UR, 70 min.
Director: James Whale
Writers: Garrett Fort,
Francis Edward Faragoh, John L. Balderston (composition), Mrs. Percy B. Shelley
(novel), Peggy Webling (play)
Starring: Colin Clive, Mae
Clarke, John Boles, Boris Karloff, Edward Van Sloan, Frederick Kerr, Dwight
Frye, Lionel Belmore, Marilyn Harris
“Look! It's moving. It's
alive. It's alive... It's alive, it's moving, it's alive, it's alive, it's
alive, it's alive, IT'S ALIVE! … Oh, in the name of God! Now I know what it
feels like to be God!”
—Dr.
Henry Frankenstein, “Frankenstein” 1931.
It’s a curious thing to take
on a classic. I saw “Frankenstein” on the Saturday afternoon creature features
as a kid, but it wasn’t a classic to me then. I’ve seen it a few times in my
adult life. The first time I saw it with modern eyes and wasn’t much impressed
by it. I was always more impressed with “Bride of Frankenstein”, which many
would agree presents both its story and themes in a stronger context. “Frankenstein”
is no slouch, however; pardon the pun.
For the first time, I watched
the movie with my own kids. It was presented to them as a “classic.” I don’t
really know how they interpreted that. When I was a kid “The Godfather” or “Dirty
Harry” or just about any movie with John Wayne was a “classic” according to my
father. And those were the classics I watched with him. The classic monsters,
however, were just monsters to me. I enjoyed the movies because they all had
such a specific mood to them. The whole “dark and stormy night” thing played
well with me.
My boys seemed to enjoy it.
Because it was a “horror” movie, my youngest was wary until he finally saw the
monster. He didn’t really find the monster scary, so the movie was OK with him.

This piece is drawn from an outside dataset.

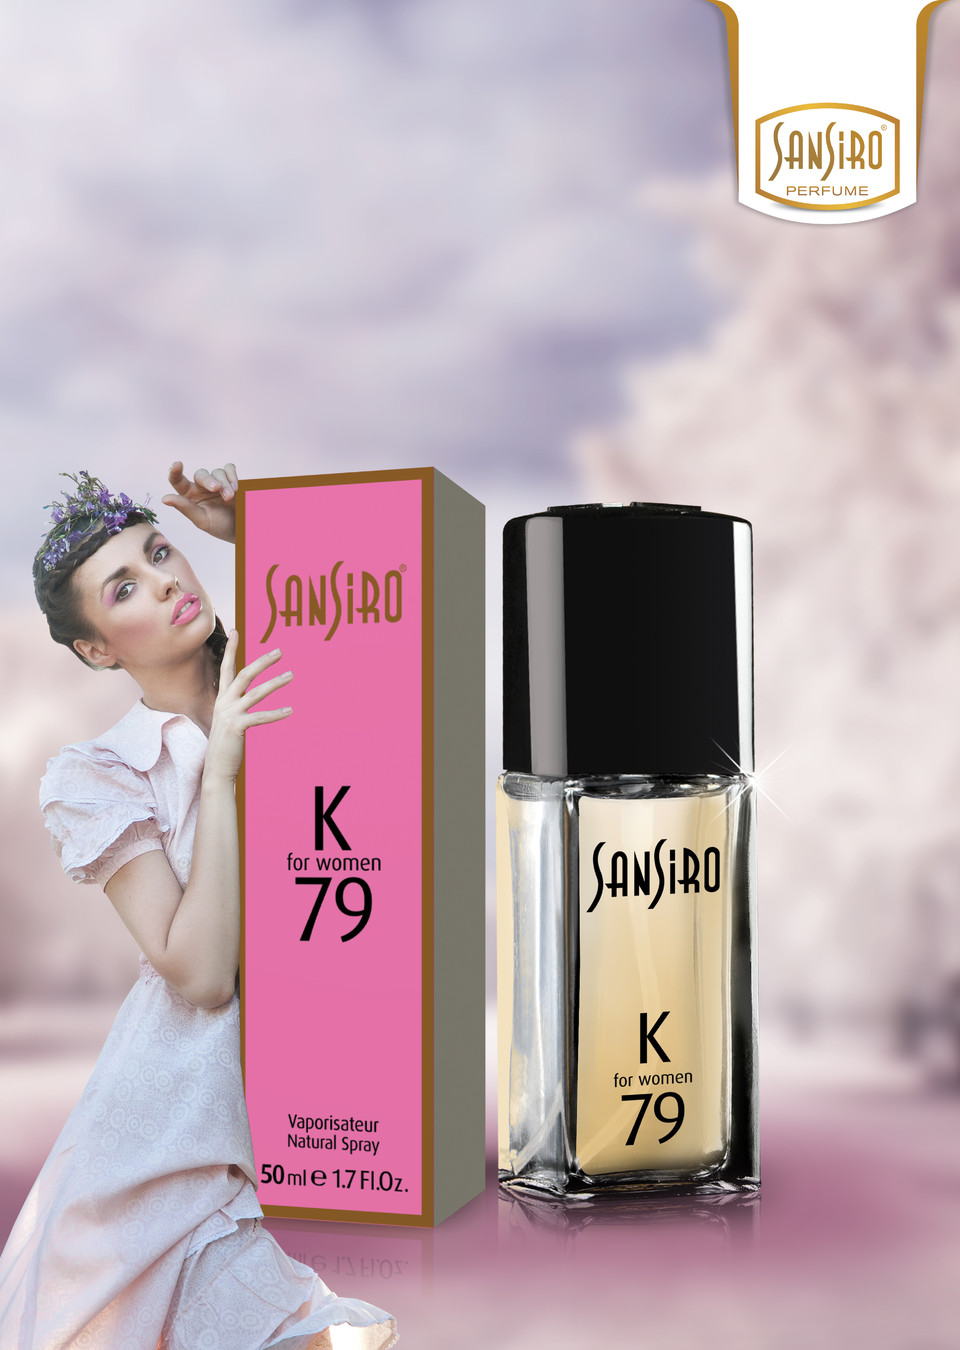 Sansiro Perfume - For Women - Pares (K79)
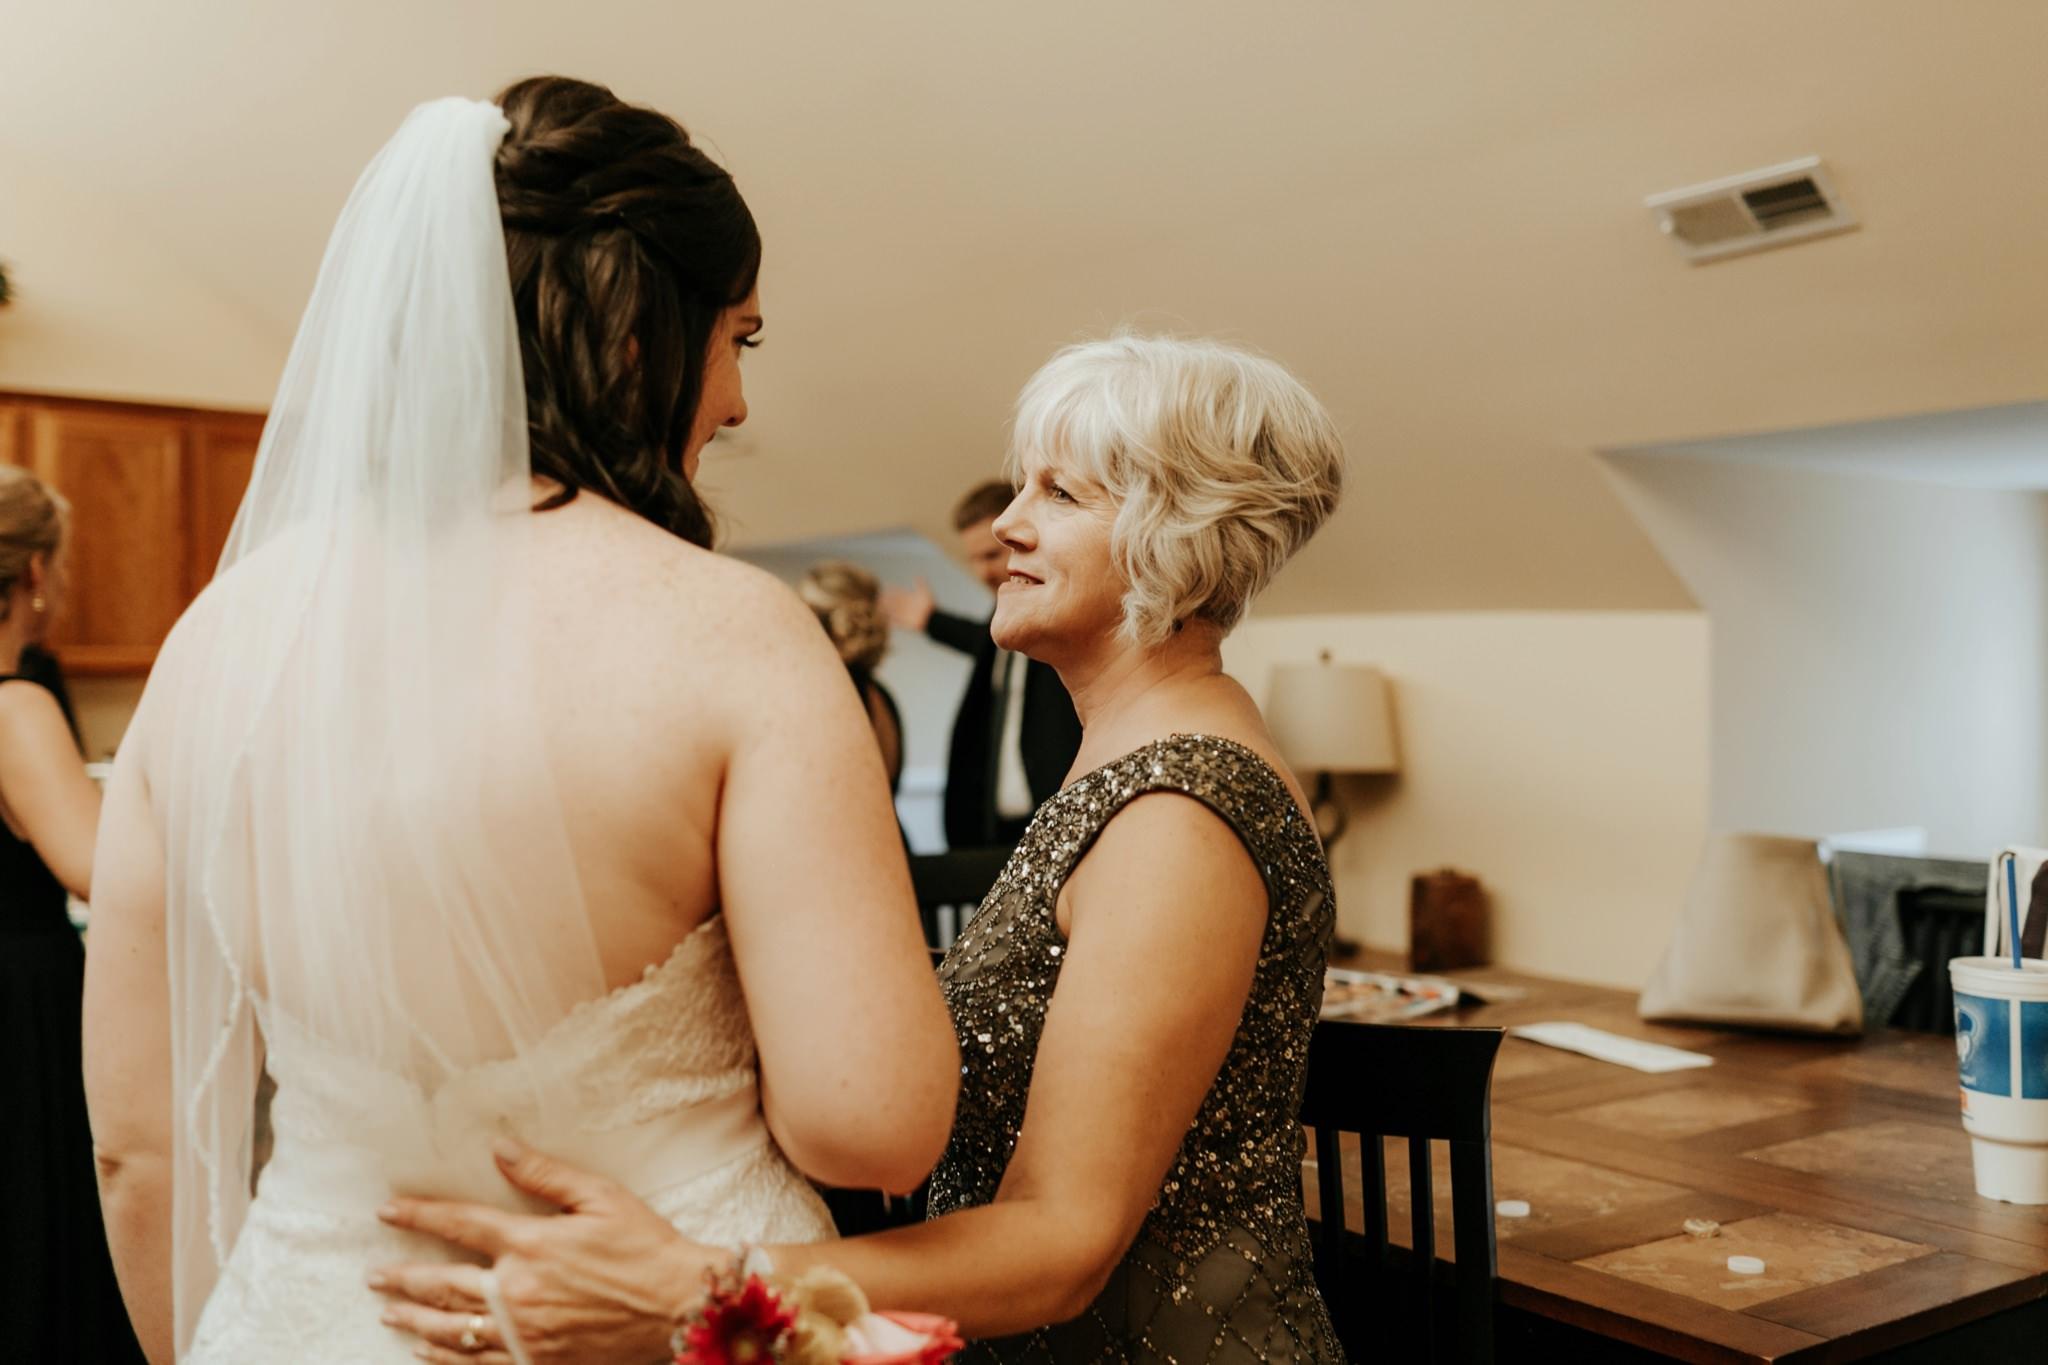 17-09-15 Lindsey and Brandon Wedding Edited-796_WEB.jpg

I tried to explain to him how there were different kinds of horror, and that
some movies were called horror movies because of the themes involved. By that
point I had lost him. Of course, when “Frankenstein” originally hit movie
screens it was scary to the people who saw it.
My older boy seemed to enjoy
it on a slightly higher level than my youngest. He didn’t say much about it,
but he did say he liked it with enthusiasm. I think he was trying to get his mind
around the themes of The Modern Prometheus. The God Complex that man seems to
have with creating and destroying things. I think that was the element of the
movie that my oldest went to bed chewing around his head. It is those ideas
that make this film a “classic”—and Karloff’s odd and sympathetic portrayal of
the Monster—and I’m glad to see my boy catch on to it much younger than I did.